What you can't do is pass by value, because for historical reasons we shall not copy arrays. Instead, attempting to pass an array by value into a function (or, to pass a copy of an array) leads its name to decay into a pointer. (some resources get this wrong!)
Array names decay to pointers for pass-by-value
This means:
void foo(int* ptr);
int ar[10]; // an array
foo(ar); // automatically passing ptr to first element of ar (i.e. &ar[0])
There's also the hugely misleading "syntactic sugar" that looks like you can pass an array of arbitrary length by value:
void foo(int ptr[]);
int ar[10]; // an array
foo(ar);
But, actually, you're still just passing a pointer (to the first element of ar). foo is the same as it was above!
Whilst we're at it, the following function also doesn't really have the signature that it seems to.

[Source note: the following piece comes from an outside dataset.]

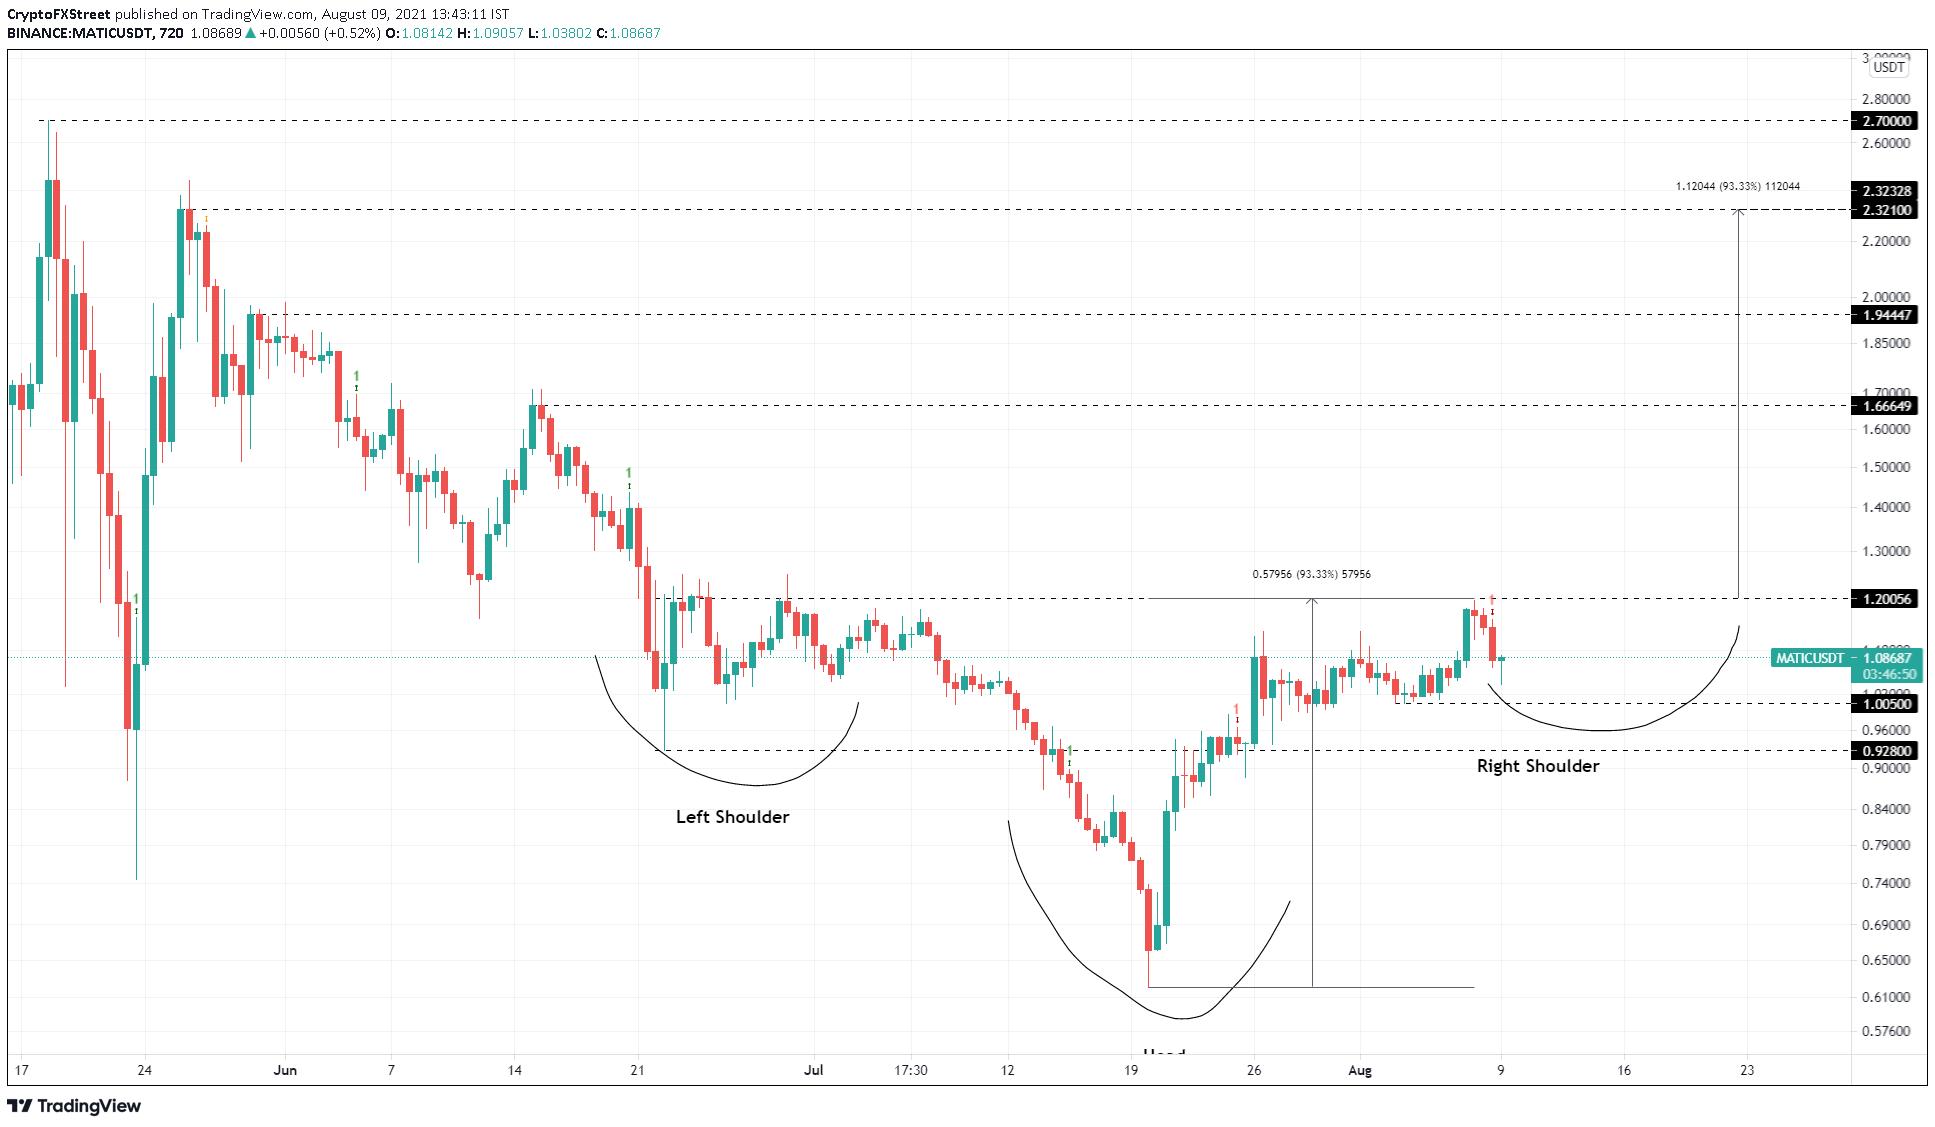 MATIC/USDT 12-hour chart

Look what happens when we try to call this function without defining it:
void foo(int ar[5]);
int main() {
int ar[5];
foo(ar);
}
// error: undefined reference to `func(int*)'
So foo takes int* in fact, not int[5]!
(Live demo.)
But you can work-around it!
You can hack around this by wrapping the array in a struct or class, because the default copy operator will copy the array:
struct Array_by_val
{
int my_array[10];
};
void func (Array_by_val x) {}
int main() {
Array_by_val x;
func(x);
}
This is somewhat confusing behaviour.
Or, better, a generic pass-by-reference approach
In C++, with some template magic, we can make a function both re-usable and able to receive an array:
template <typename T, size_t N>
void foo(const T (&myArray)[N]) {
// `myArray` is the original array of N Ts
}
But we still can't pass one by value. Something to remember.
The future...
And since C++11 is just over the horizon, and C++0x support is coming along nicely in the mainstream toolchains, you can use the lovely std::array inherited from Boost! I'll leave researching that as an exercise to the reader.

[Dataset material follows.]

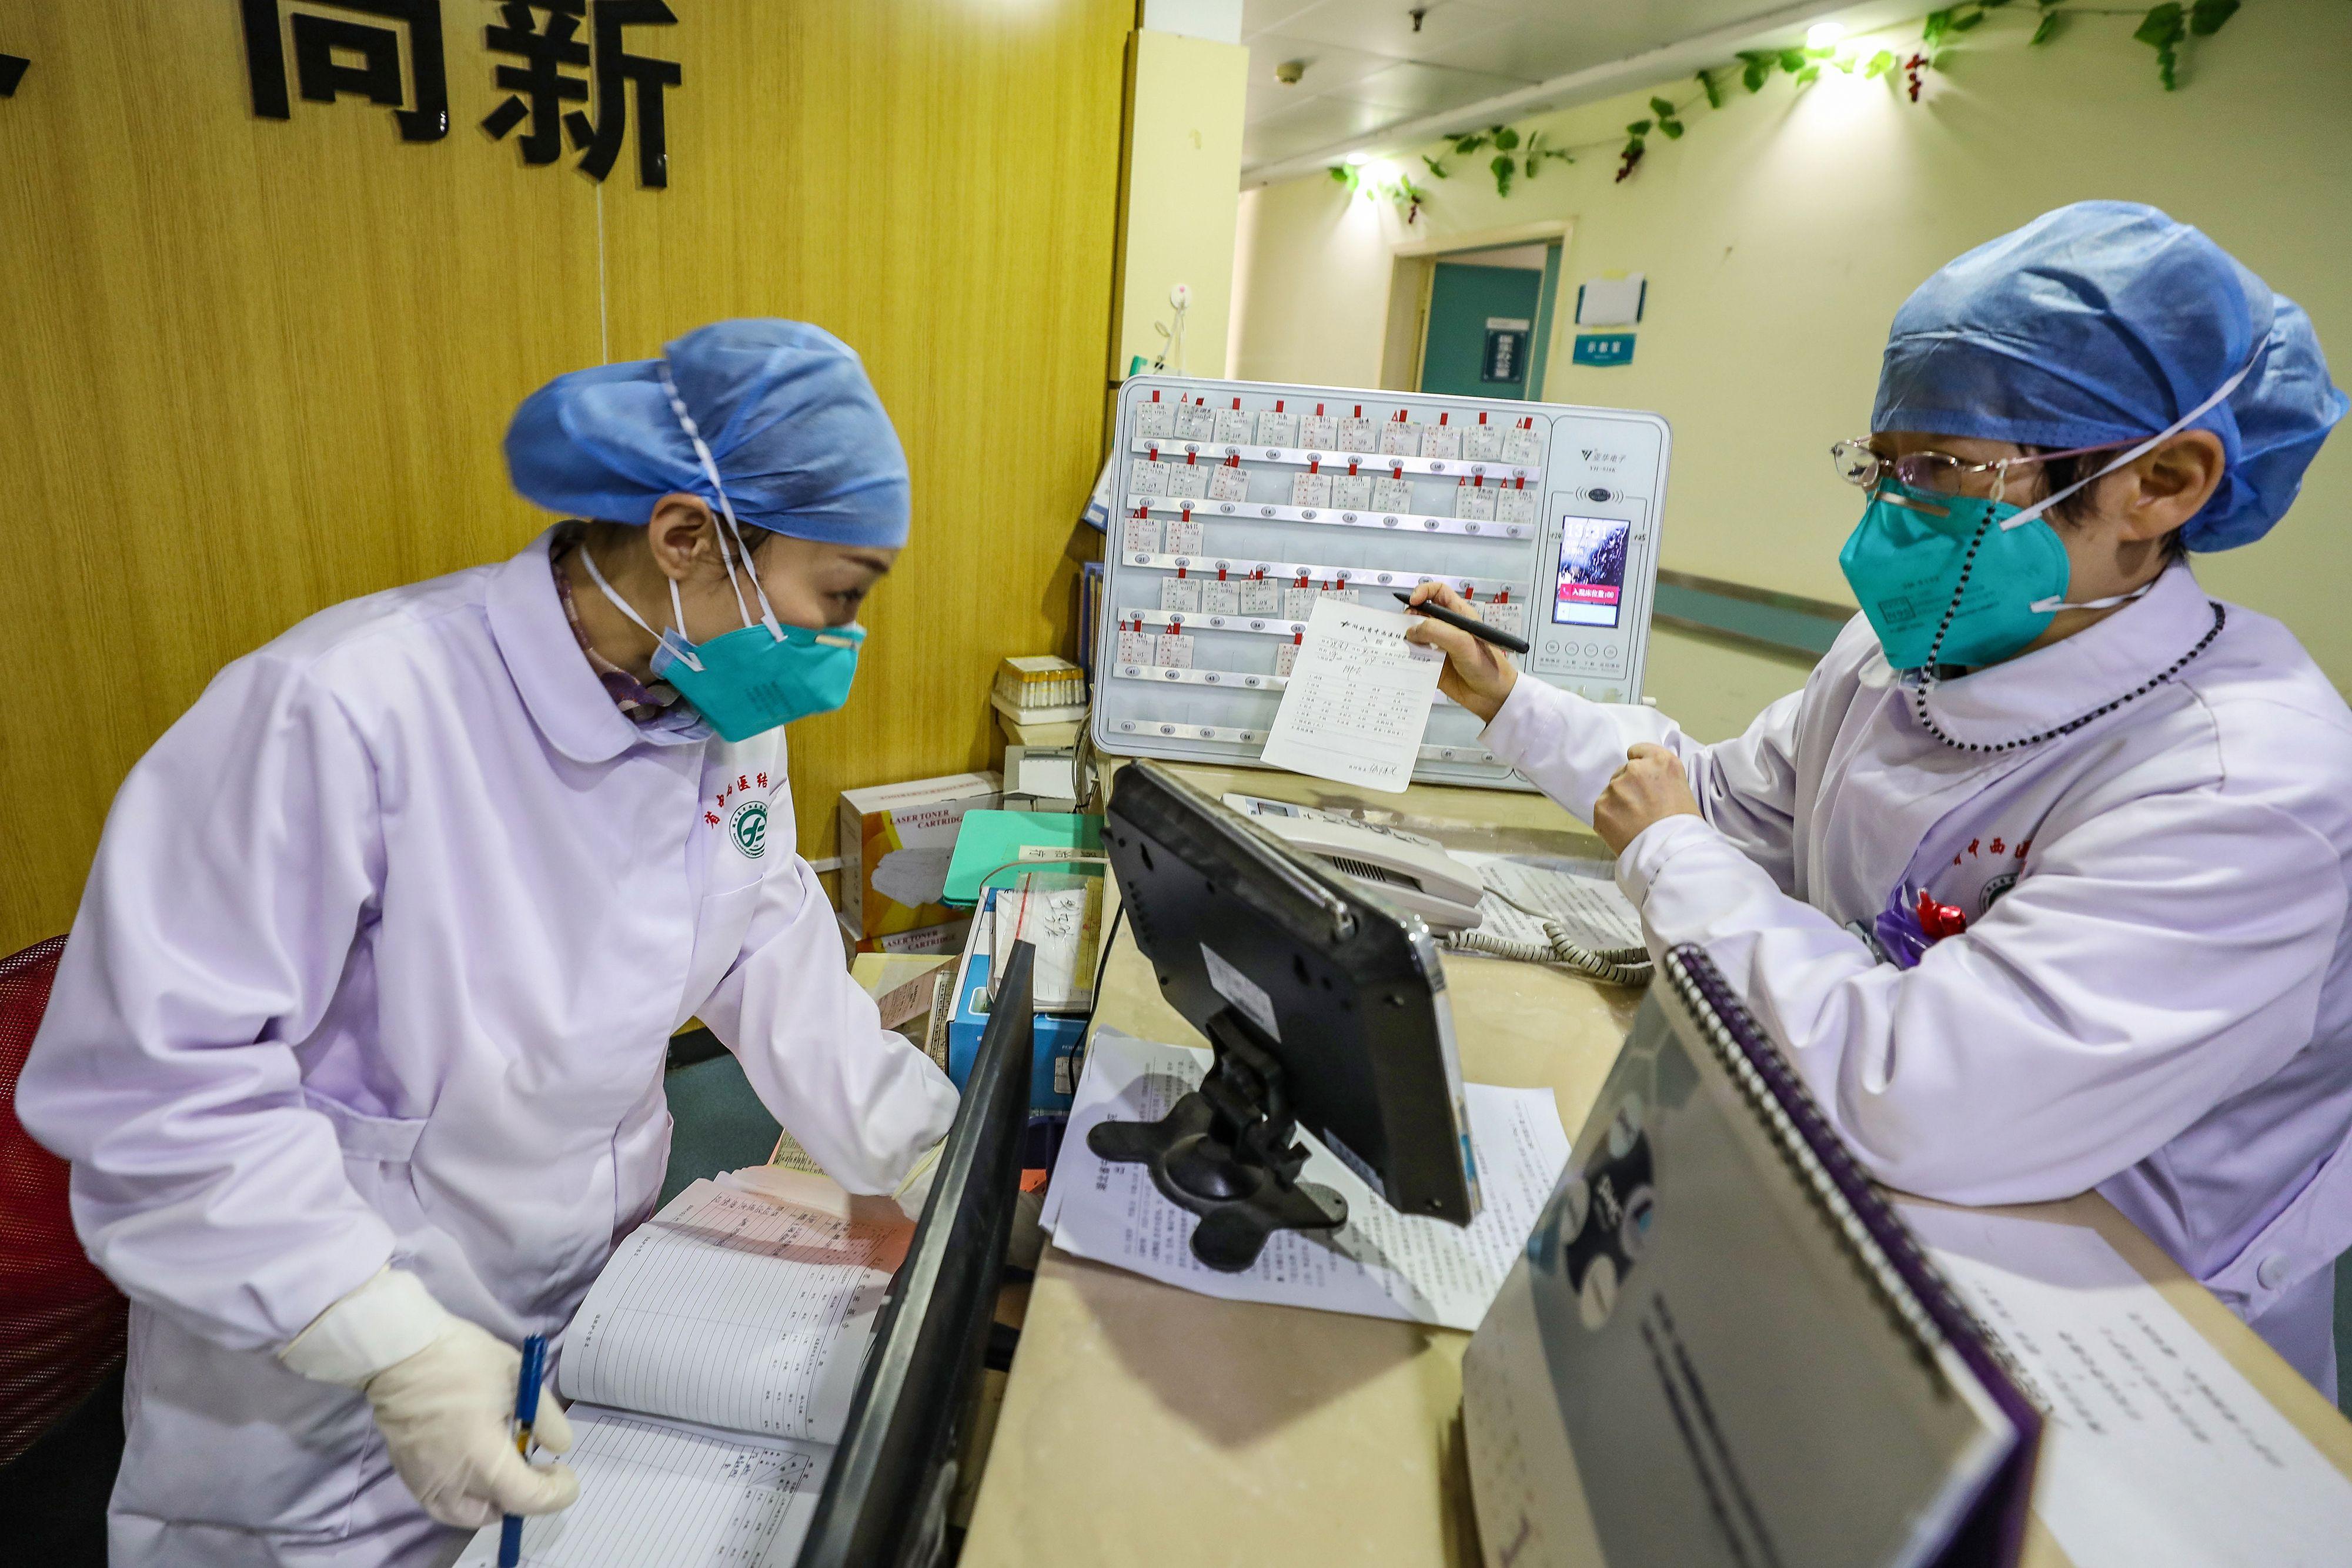 Locals Accuse Chinese Authorities of Misallocating Medical Supply Donations for Coronavirus

So I see answers explaining, "Why doesn't the compiler allow me to do this?" Rather than "What caused the standard to specify this behavior?" The answer lies in the history of C. This is taken from "The Development of the C Language" (source) by Dennis Ritchie.
In the proto-C languages, memory was divided into "cells" each containing a word. These could be dereferenced using the eventual unary * operator -- yes, these were essentially typeless languages like some of today's toy languages like Brainf_ck. Syntactic sugar allowed one to pretend a pointer was an array:
a[5]; // equivalent to *(a + 5)
Then, automatic allocation was added:
auto a[10]; // allocate 10 cells, assign pointer to a
// note that we are still typeless
a += 1; // remember that a is a pointer
At some point, the auto storage specifier behavior became default -- you may also be wondering what the point of the auto keyword was anyway, this is it. Pointers and arrays were left to behave in somewhat quirky ways as a result of these incremental changes. Perhaps the types would behave more alike if the language were designed from a bird's-eye view. As it stands, this is just one more C / C++ gotcha.

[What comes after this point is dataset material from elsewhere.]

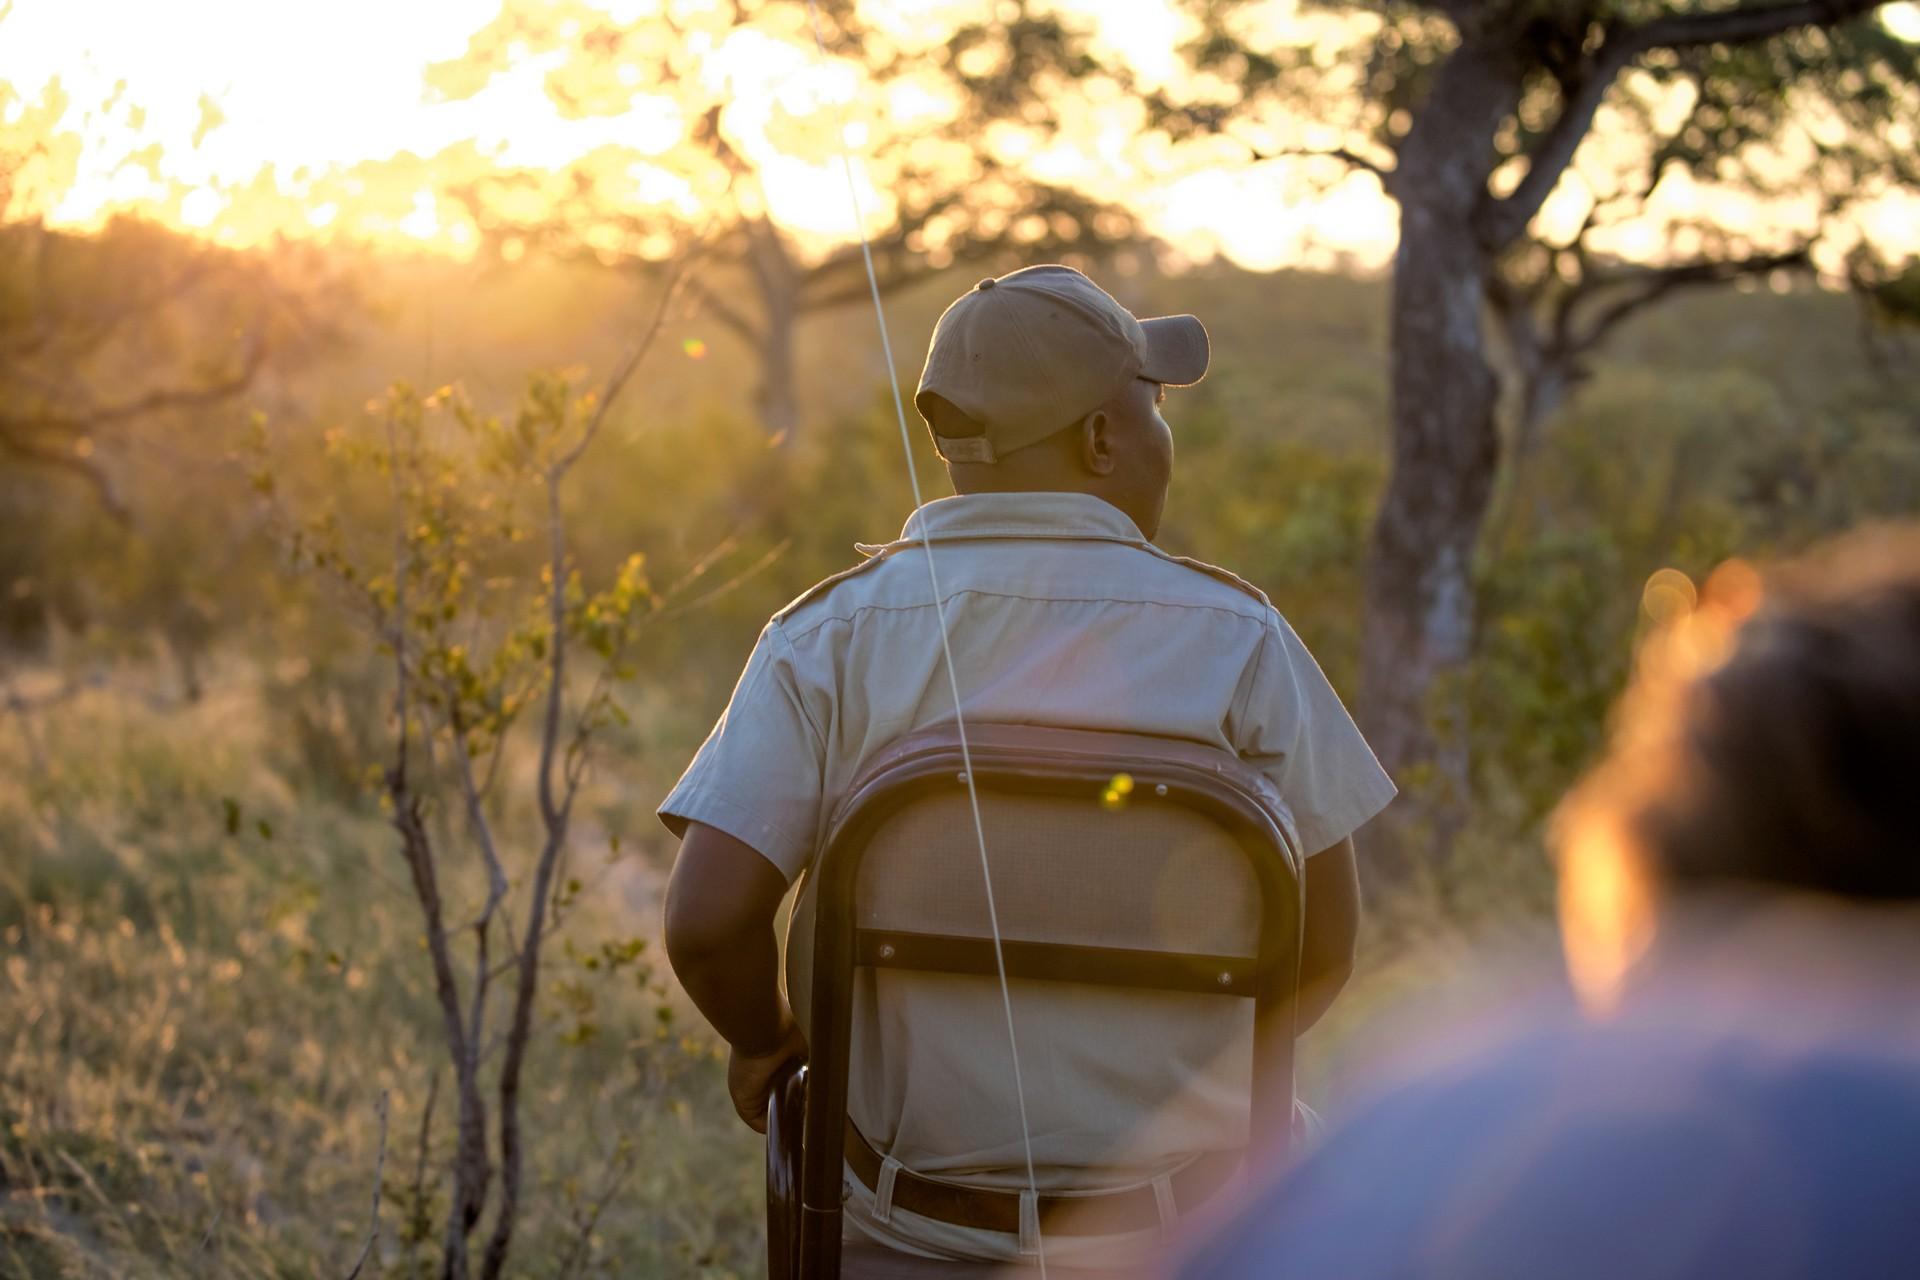 Safari tracker on vehicle in Kenya

Arrays are in a sense second-class types, something that C++ inherited from C.
Quoting 6.3.2.1p3 in the C99 standard:
Except when it is the operand of the sizeof operator or the unary
& operator, or is a string literal used to initialize an array, an
expression that has type "array of type" is converted to an
expression with type "pointer to type" that points to the initial
element of the array object and is not an lvalue. If the array object
has register storage class, the behavior is undefined.
The same paragraph in the C11 standard is essentially the same, with the addition of the new _Alignof operator. (Both links are to drafts which are very close to the official standards. (UPDATE: That was actually an error in the N1570 draft, corrected in the released C11 standard. _Alignof can't be applied to an expression, only to a parenthesized type name, so C11 has only the same 3 exceptions that C99 and C90 did. (But I digress.)))
I don't have the corresponding C++ citation handy, but I believe it's quite similar.
So if arr is an array object, and you call a function func(arr), then func will receive a pointer to the first element of arr.
So far, this is more or less "it works that way because it's defined that way", but there are historical and technical reasons for it.
Permitting array parameters wouldn't allow for much flexibility (without further changes to the language), since, for example, char[5] and char[6] are distinct types. Even passing arrays by reference doesn't help with that (unless there's some C++ feature I'm missing, always a possibility). Passing pointers gives you tremendous flexibility (perhaps too much!). The pointer can point to the first element of an array of any size -- but you have to roll your own mechanism to tell the function how big the array is.
Designing a language so that arrays of different lengths are somewhat compatible while still being distinct is actually quite tricky. In Ada, for example, the equivalents of char[5] and char[6] are the same type, but different subtypes. More dynamic languages make the length part of an array object's value, not of its type. C still pretty much muddles along with explicit pointers and lengths, or pointers and terminators. C++ inherited all that baggage from C. It mostly punted on the whole array thing and introduced vectors, so there wasn't as much need to make arrays first-class types.
TL;DR: This is C++, you should be using vectors anyway! (Well, sometimes.)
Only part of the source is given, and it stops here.